[HM] base 5

Milo Gardner (milo.gardner@24stex.com)
Sat, 10 Apr 99 10:22:34 -0700

HM listmembers:

The recent post that cited 0-4 counting as base 4
may have meant base 5, as Egyptians from the Lower
Kingdom may have practiced, as Greek may have
been told by oral histories.

Consideration of the foundations of Greek base 10
as fact that the Upper and Lower Kingdoms of Egypt
also used a form of base 2, called Horus-Eye
should also be mentioned in ways that our kids
might enjoy studying.

As related to New World numerations points, Incan
mathematicians used base 10, reported by George G.
Joseph, Crest of the Peacock, as a mental abacus.

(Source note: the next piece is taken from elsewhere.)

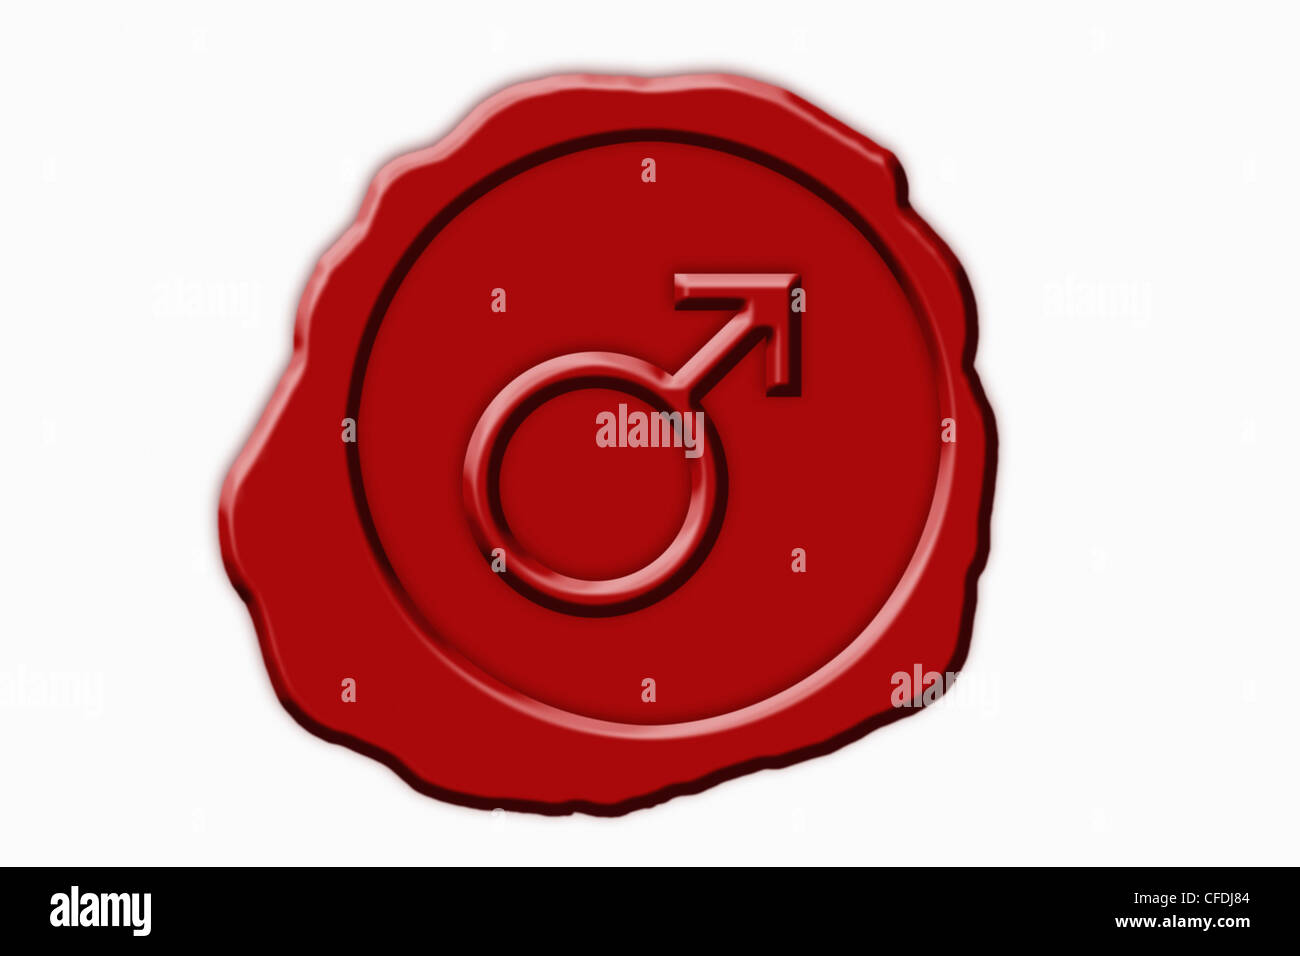 Dettaglio foto di un sigillo rosso con un simbolo maschile nel mezzo Foto Stock

Even more interesting, to myself, is that Mayan
base 20 was seen as a combination of base 4, counting
0-3, and base 5, counting 0-4, as George Sanchez
reported in Arithmetic in Maya, that later Aztecs
debased to 1-20 counting.

As additional proof that Mesoamerican 0-19 counting
was founded on a merging of bases 4, 5 (maybe as
another mental abacus), nearby Californian groups
used bases 4, 5, 8, 10, 12, 16, 20 and combinations
thereof (as reported by A.L. Kroeber, Handbook of
the Indians of California.). Reading Kroeber provides
a sense that each tribe tended to structure its own
number based (possibly based on their own tribal
cosmology), much as Aztecs were sunworshippers and
Mayans, and earlier Olmecs plausibly considered sidereal
time as very different from solar time.

Yes, our K-6 students should be exposed to a wide
array of numeration systems, based on a world-wide
view of number such that a strong foundation is
provided for the later use of our modern positional
base 10 system, and the use of algorithms.